What you will do:
Your job is to give again, exactly and with no additions, the lines in the records below from the one with "Learn 7 Ways" through the one with "Coupe Davis, France, 2019", both included. Omit the pictures.

:: Input data

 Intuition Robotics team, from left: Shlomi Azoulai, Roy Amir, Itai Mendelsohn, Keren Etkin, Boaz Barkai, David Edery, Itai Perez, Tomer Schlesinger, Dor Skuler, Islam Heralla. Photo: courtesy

::::
:: Input data

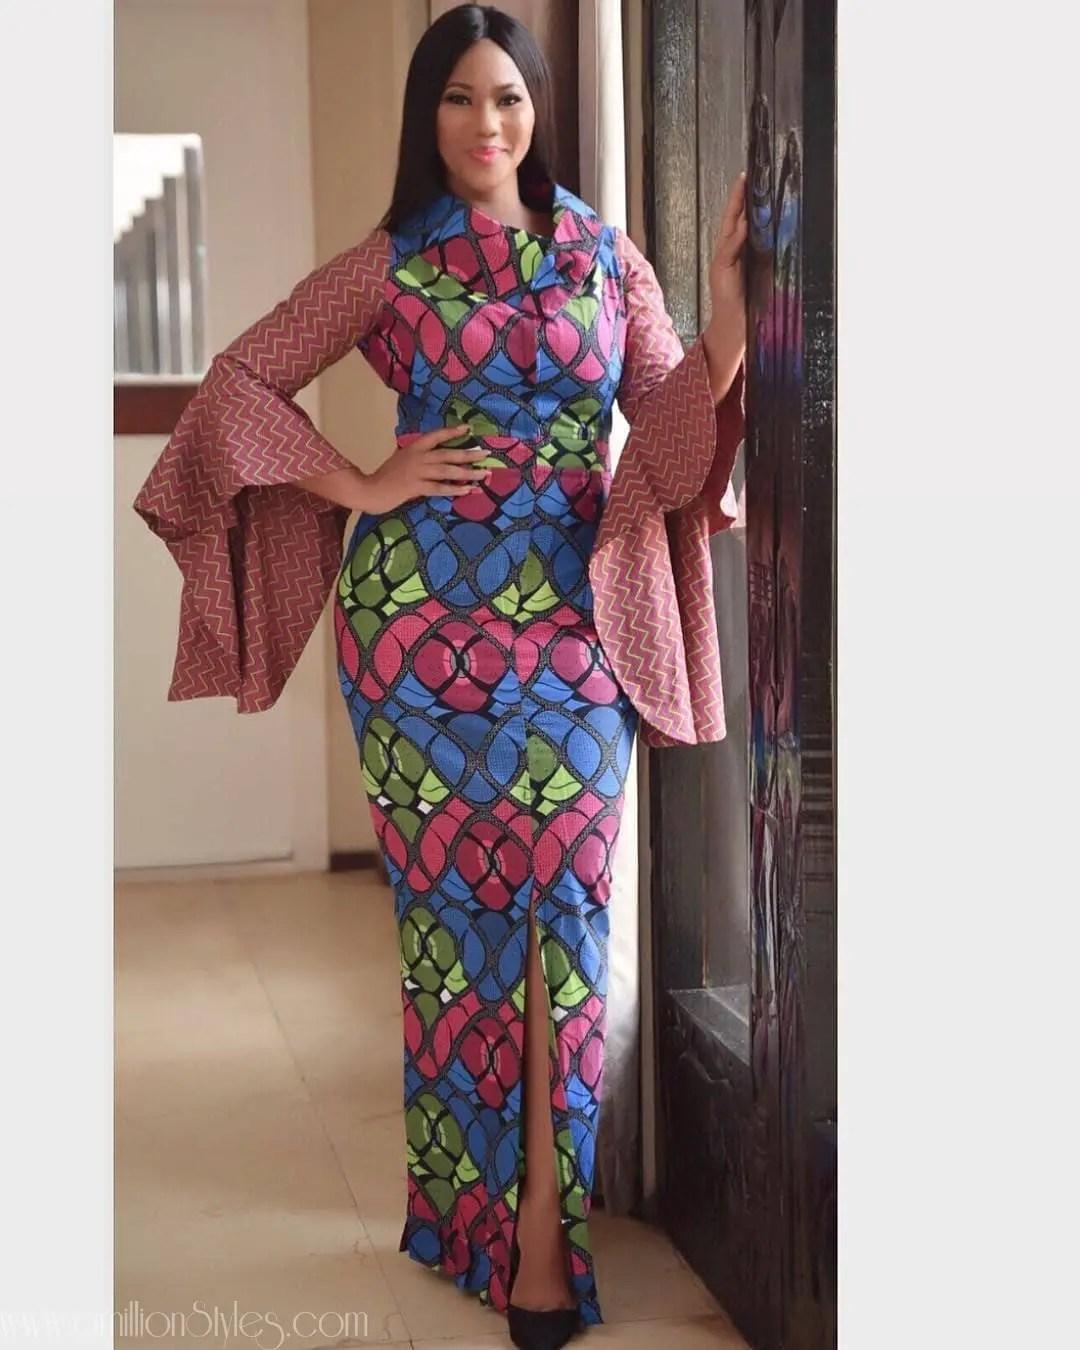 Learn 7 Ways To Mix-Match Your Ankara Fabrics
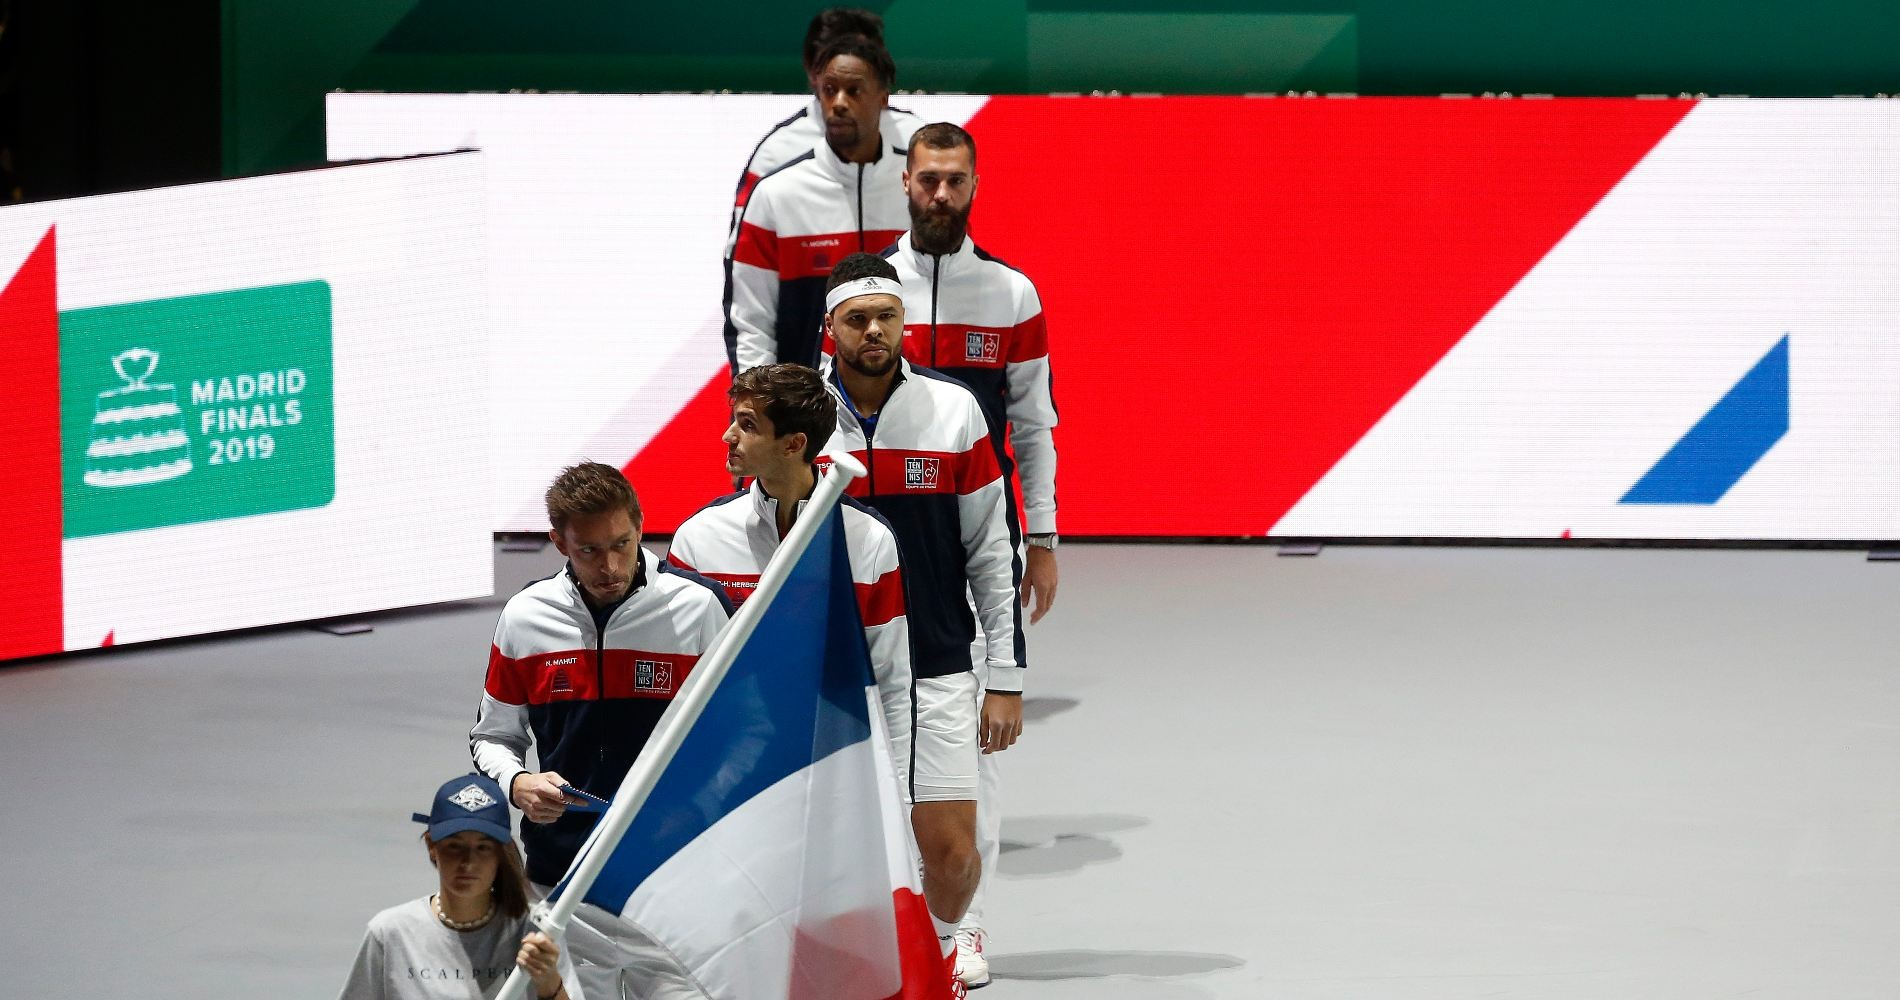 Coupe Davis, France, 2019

::::

Response to this exercise:
 Learn 7 Ways To Mix-Match Your Ankara Fabrics
 Coupe Davis, France, 2019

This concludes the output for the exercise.